Task to carry out | Would you repeat the listing exactly but omit every picture?

[[ Data shown, beginning ]]

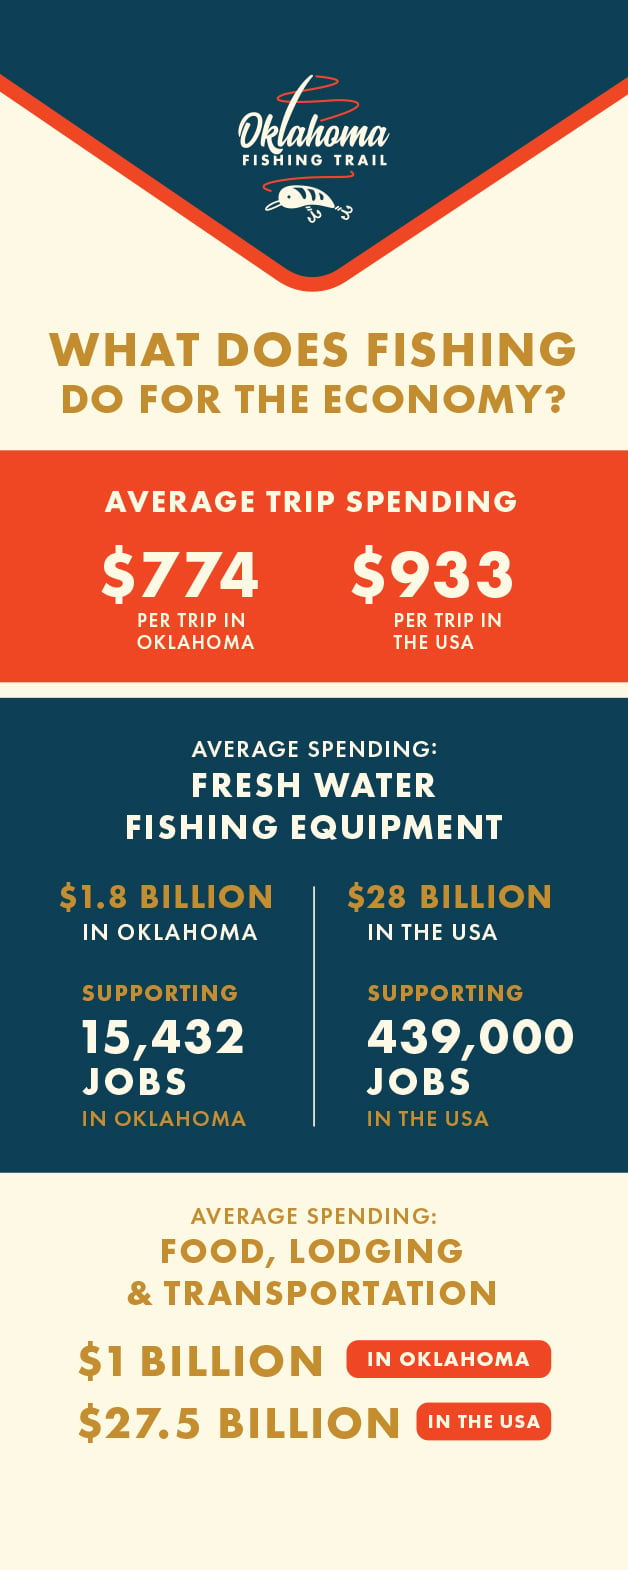 Oklahoma Tourism and Recreation Department – Oklahoma Fishing Trail Campaign
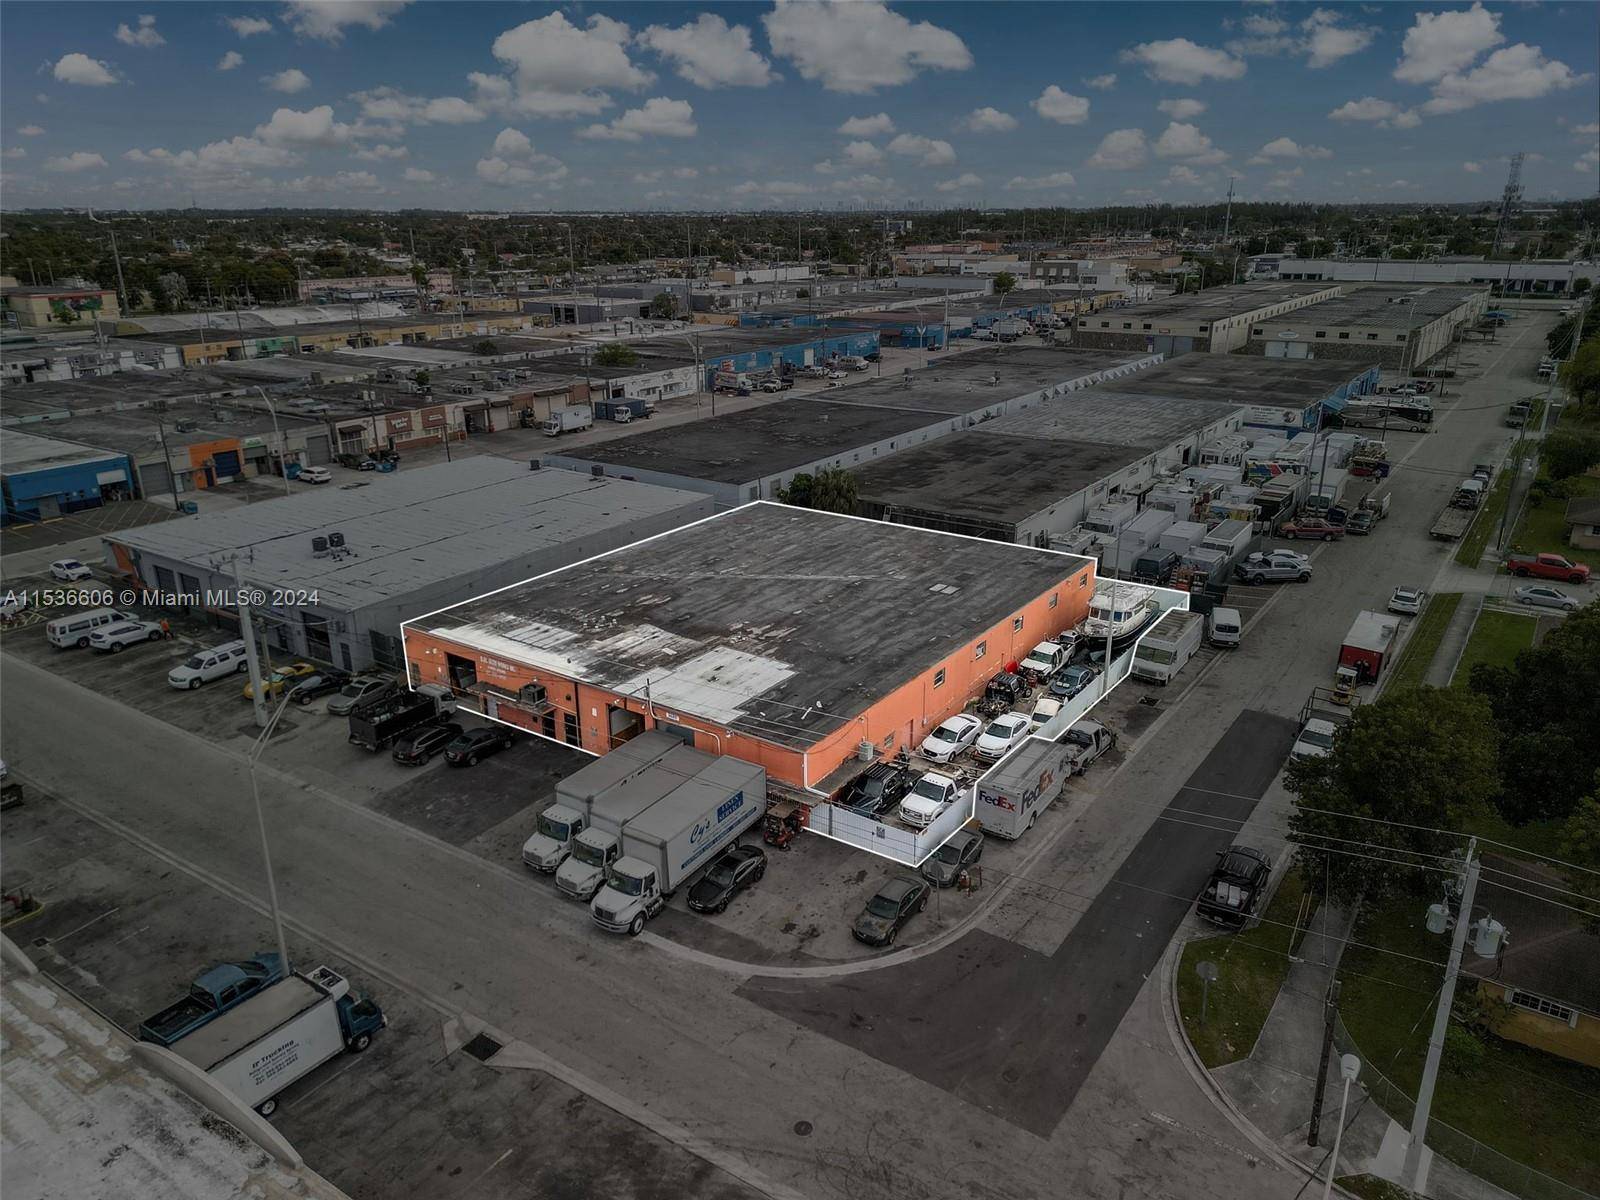 CHECK OUT THIS 14, 000 SQ FT 3 BAY WAREHOUSE THAT SITS ON 20, 000 SQ FT LOT.
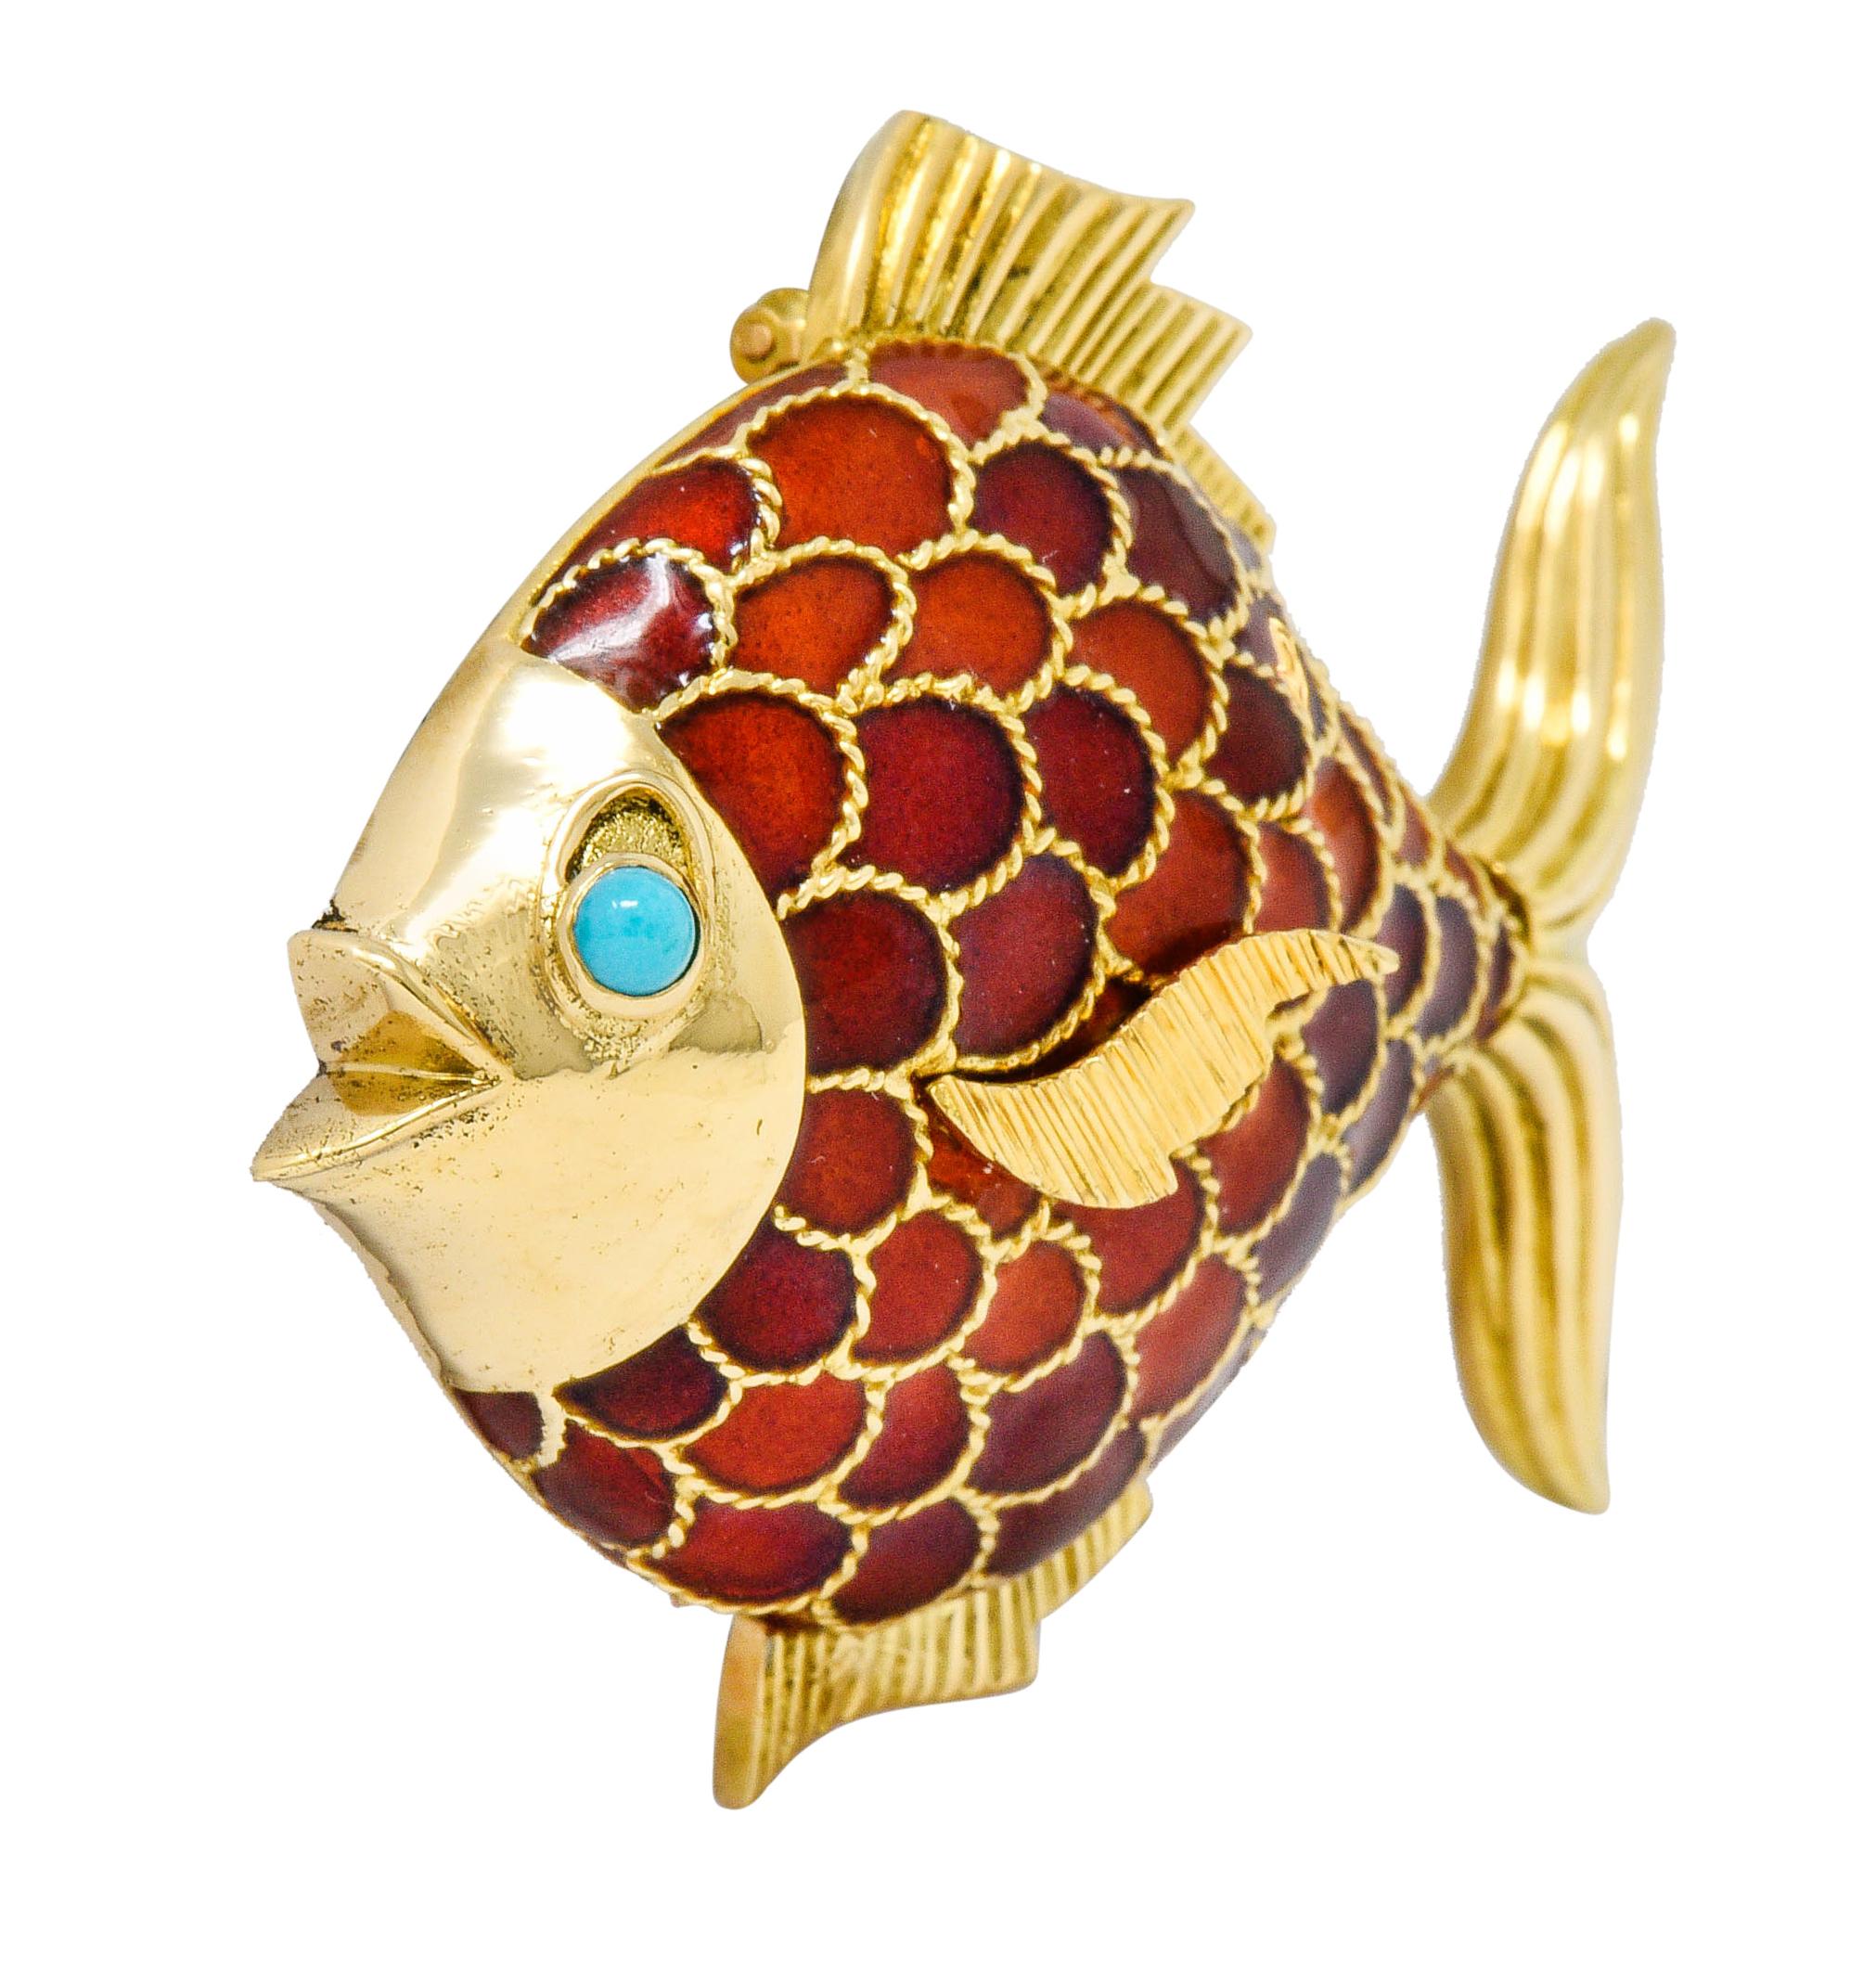 Brooch is designed as an adorable fish with twisted rope motif scales and deeply ribbed fins

Scales are glossed with boldly red to orangey-red enamel with no loss

Accented by a bright greenish-blue 2.8 mm turquoise cabochon eye

Completed by a

[[ Data shown, end ]]

Response |
 Oklahoma Tourism and Recreation Department – Oklahoma Fishing Trail Campaign
 CHECK OUT THIS 14, 000 SQ FT 3 BAY WAREHOUSE THAT SITS ON 20, 000 SQ FT LOT.
 Brooch is designed as an adorable fish with twisted rope motif scales and deeply ribbed fins

Scales are glossed with boldly red to orangey-red enamel with no loss

Accented by a bright greenish-blue 2.8 mm turquoise cabochon eye

Completed by a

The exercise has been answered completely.